Glendening budget would double sites

Howard could add 1

January 24, 1999|By Erika Niedowski | Erika Niedowski,SUN STAFF

Howard County may get state funds this year for another anti-crime "HotSpot," a three-year initiative in which police and other law enforcement officials target a community and tailor a comprehensive prevention and enforcement strategy to it.

The budget unveiled this month by Gov. Parris N. Glendening includes $3.5 million to double the number of HotSpots throughout the state from 36 to 72.

Howard, which has a HotSpot in Columbia's Long Reach Village, would get at least one more if the General Assembly approves the funding this spring, said Adam Gelb, policy director for Lt. Gov. Kathleen Kennedy Townsend, who developed the prototype for the HotSpot initiative.

County officials were hesitant Friday to say which communities might make good candidates for the money.

Ultimately, County Executive James N. Robey would select the site with the advice of Police Chief Wayne Livesay and a cross section of community leaders.

Selection criteria include the rate of -- and fear of -- crime and the strength of the community's proposed "plan of action."

"It's worked well in Long Reach," Livesay said of the initiative. "As long as we can fund an officer with it, we'll try to get it. It seems to help a lot."

Other counties, including Anne Arundel, Baltimore, Carroll and Harford, would get additional HotSpots grants under the administration's proposed budget, as would Baltimore City.

Del. Shane Pendergrass, who represents east Columbia, said another HotSpot in the 87,000-resident planned community would be appropriate given the recent string of crimes there, including the shooting of a pizza delivery driver and several armed robberies and attempted armed robberies.

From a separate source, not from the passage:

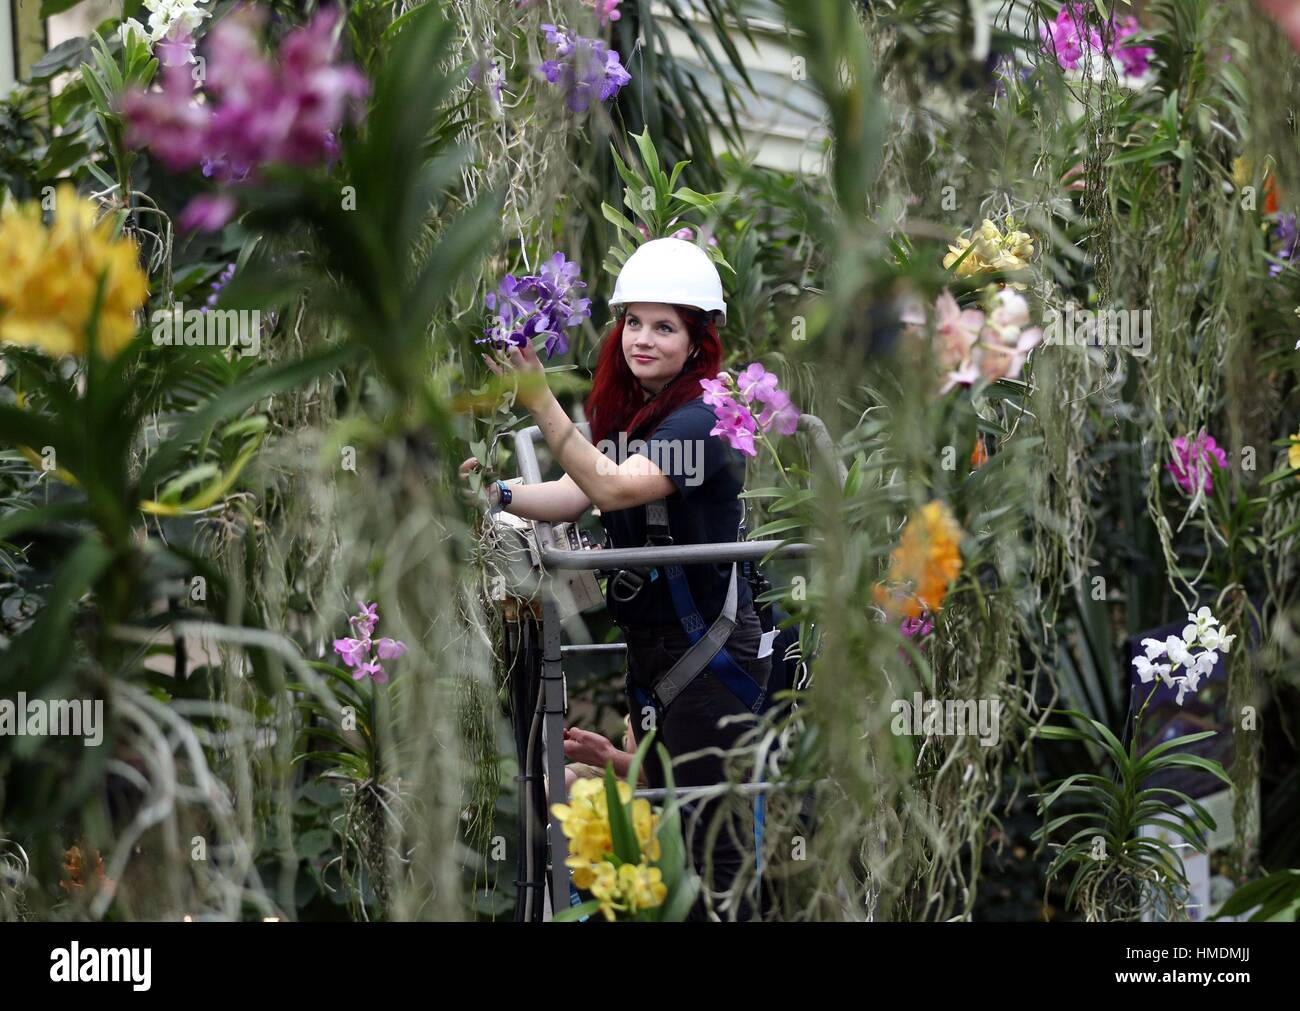 Festival creator Elisa Biondi uses a hoist to put the finishing touches to exhibits at the Kew Orchid festival in the Prince of Wales Conservatory at Kew Gardens in west London. Stock Photo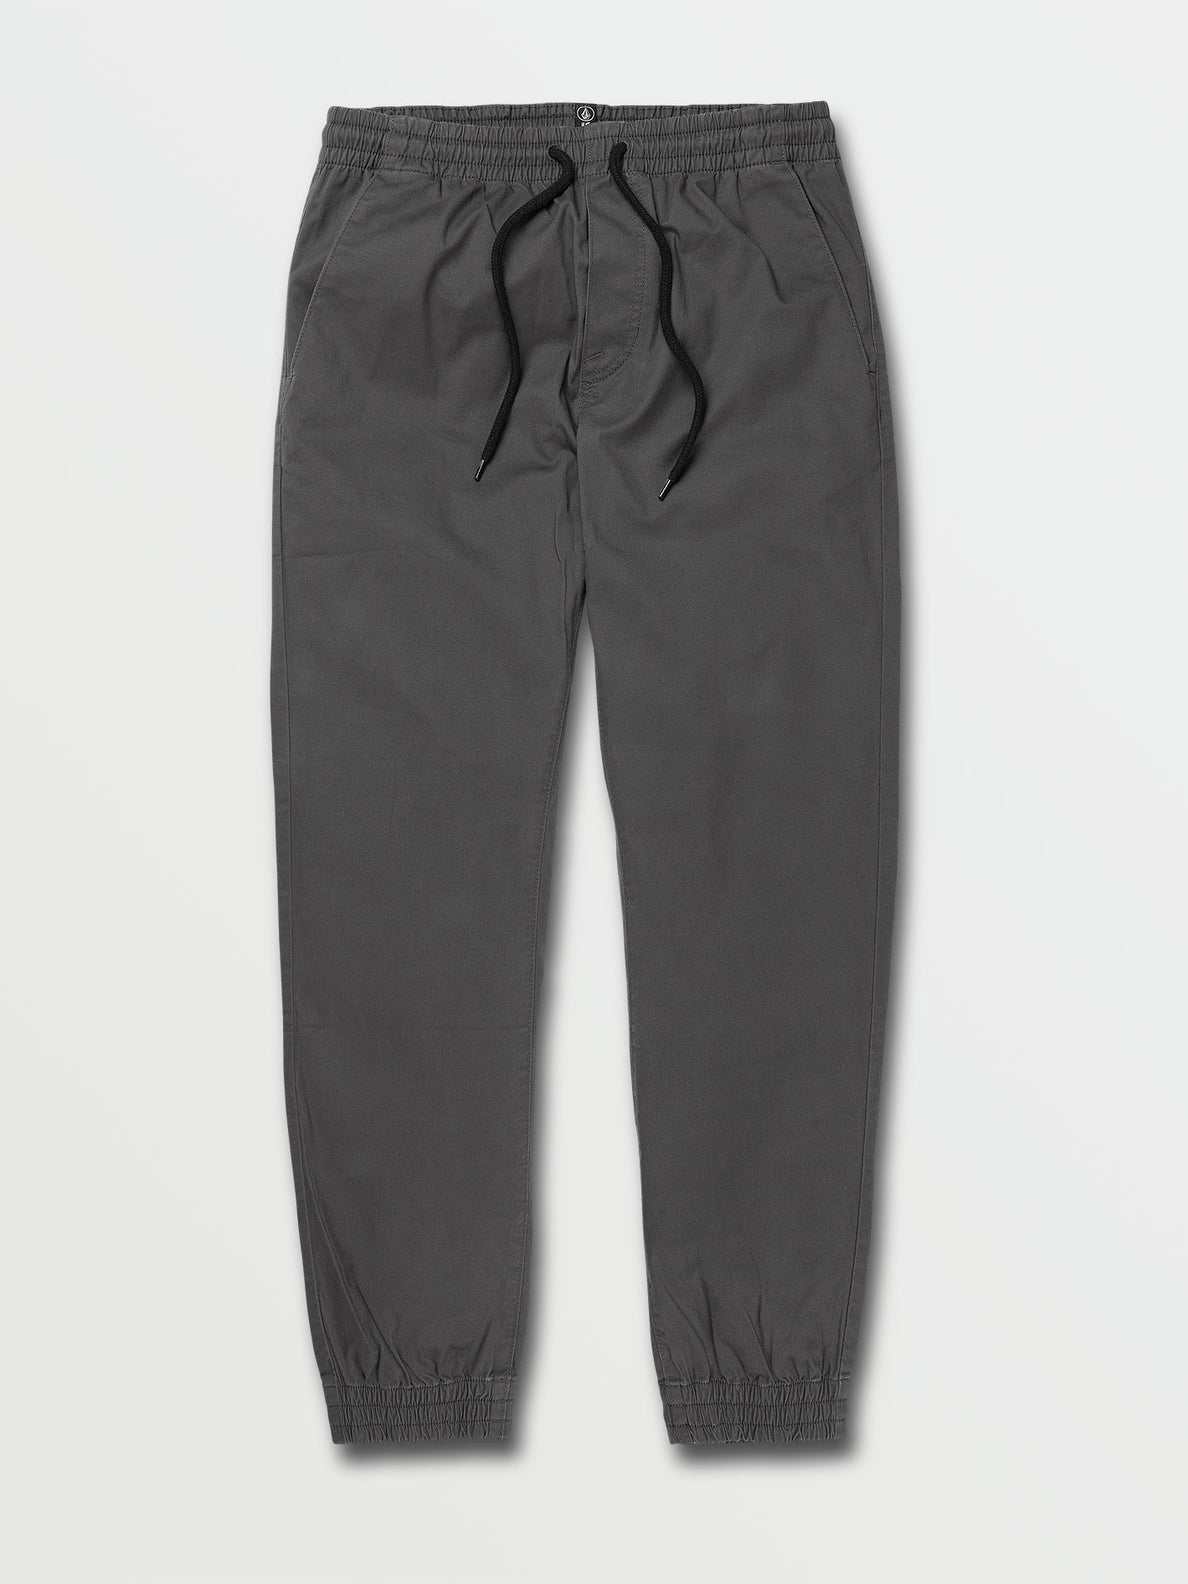 Cleaver Jogger - Charcoal (A1202103_CHR) [F]

"Practically any community in America today has problems with crime," said Pendergrass, head of the county's House delegation. "We're actually doing pretty well [in Howard], but we too have problems, and if we can have help, I think most people would rather have the help and make sure that the problems shrink instead of grow."

The vice chair of the Oakland Mills Village Board, Earl Jones, who has been at the forefront of that village's efforts to address crime and safety issues, said Oakland Mills should consider applying. He plans to raise the issue at the next meeting of the village's newly formed anti-crime work group.

The three-year grants, which vary in amount, would be used for, among other things, new community police officers and prosecutors, youth crime and drug prevention programs, increased supervision of adult and juvenile offenders on probation, and citizen patrol groups.

The average amount available for each community is about $100,000 a year.

Despite some residents' concerns about the stigma of living in a HotSpot, police and village leaders in Long Reach hail it as a success. Gone is the open-air drug market on Tamar Drive; gone is the sense of decline in the village center, which was recently renovated.

"The HotSpot has worked for us," said John Snyder, vice chair of the Long Reach Village Board. "Our experience is that being honest and facing the problems and not worrying too much about the public relations aspect of it brings you to a resolution faster.

Long Reach is in the second year of its grant.

As part of the initiative, police opened a satellite station in the village center and assigned Officer Lisa Bridgeforth to patrol the area. Officials from the Howard County state's attorney's office, the state Parole and Probation Office and the state Department of Juvenile Justice also work at the substation.

"It works," Capt. Mike Kessler, commander of the Southern District, told Oakland Mills residents at an anti-crime meeting last week. "Working together works."

Sun staff writers Del Quentin Wilber and Nancy A. Youssef contributed to this article.